Average Gains for the Year
Incorporating revisions that lowered September and October’s tallies by 2,000 jobs total, job gains have averaged 176,000 over the past three months and 180,000 for the year so far. By comparison, job gains in 2015 averaged 229,000 per month.
But lower gains might not be a bad sign.
“Forecasters have long suggested that as the economy approaches full employment, jobs growth must slow,” wrote Justin Wolfers at The New York Times, after May’s disappointing jobs report. “By this reckoning, the economy cannot continue to create jobs more rapidly than the labor force is growing without the emergence of bottlenecks. If this is right, perhaps we should get used to seeing employment growth closer to 100,000 per month.”

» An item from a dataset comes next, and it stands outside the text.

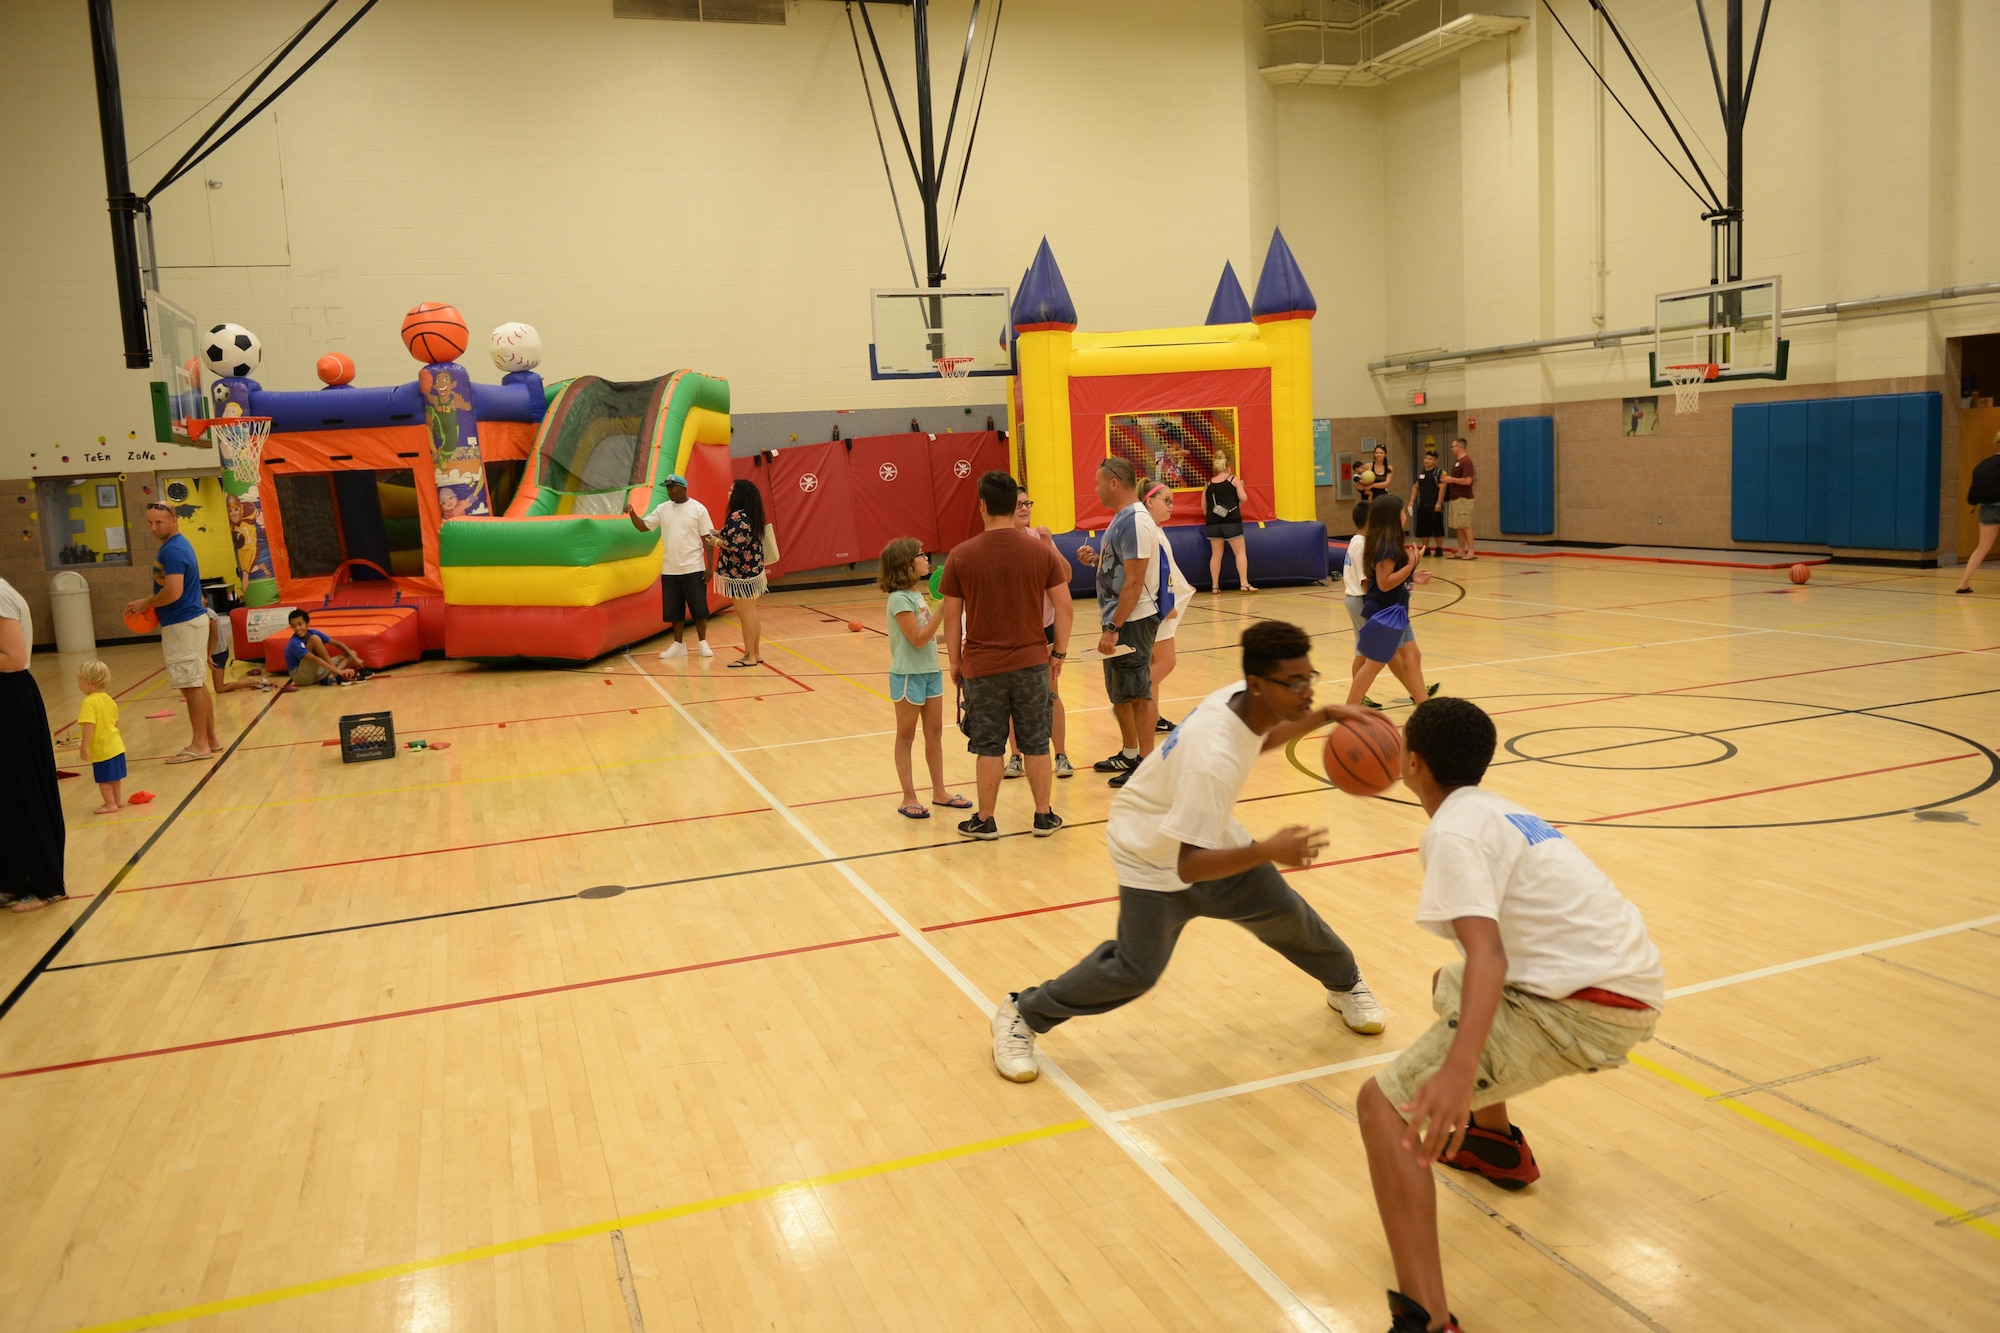 Families play in the Sheppard Air Force Base youth center gym during the summer family picnic, July 20, 2016. The summer family picnic had several booths from various helping agencies to help introduce and welcome new families to the base. (U.S. Air Force photo by Senior Airman Kyle E. Gese/Released)

The question is, will reaching full employment bring the wage growth workers want?
Wages Declined in November
After making gains in previous months, wages dropped slightly. Average hourly earnings for private-sector employees declined 3 cents to $25.89.
“What is probably most surprising about those weak wage trends is that the unemployment rate would seem to imply that wages should be rising at a far stronger pace,” writes Paul Vigna at The Wall Street Journal.
“Everybody keeps saying that the tighter labor market should lead to rising wages. And they’re right, but it isn’t happening. … The economy is, therefore, still a very long way away from producing the kinds of wage trends that would signal a truly healthy market.”
The PayScale Index, which measures the change in wages for employed U.S. workers, forecasts 1 percent year-over-year wage growth for the fourth quarter of the year.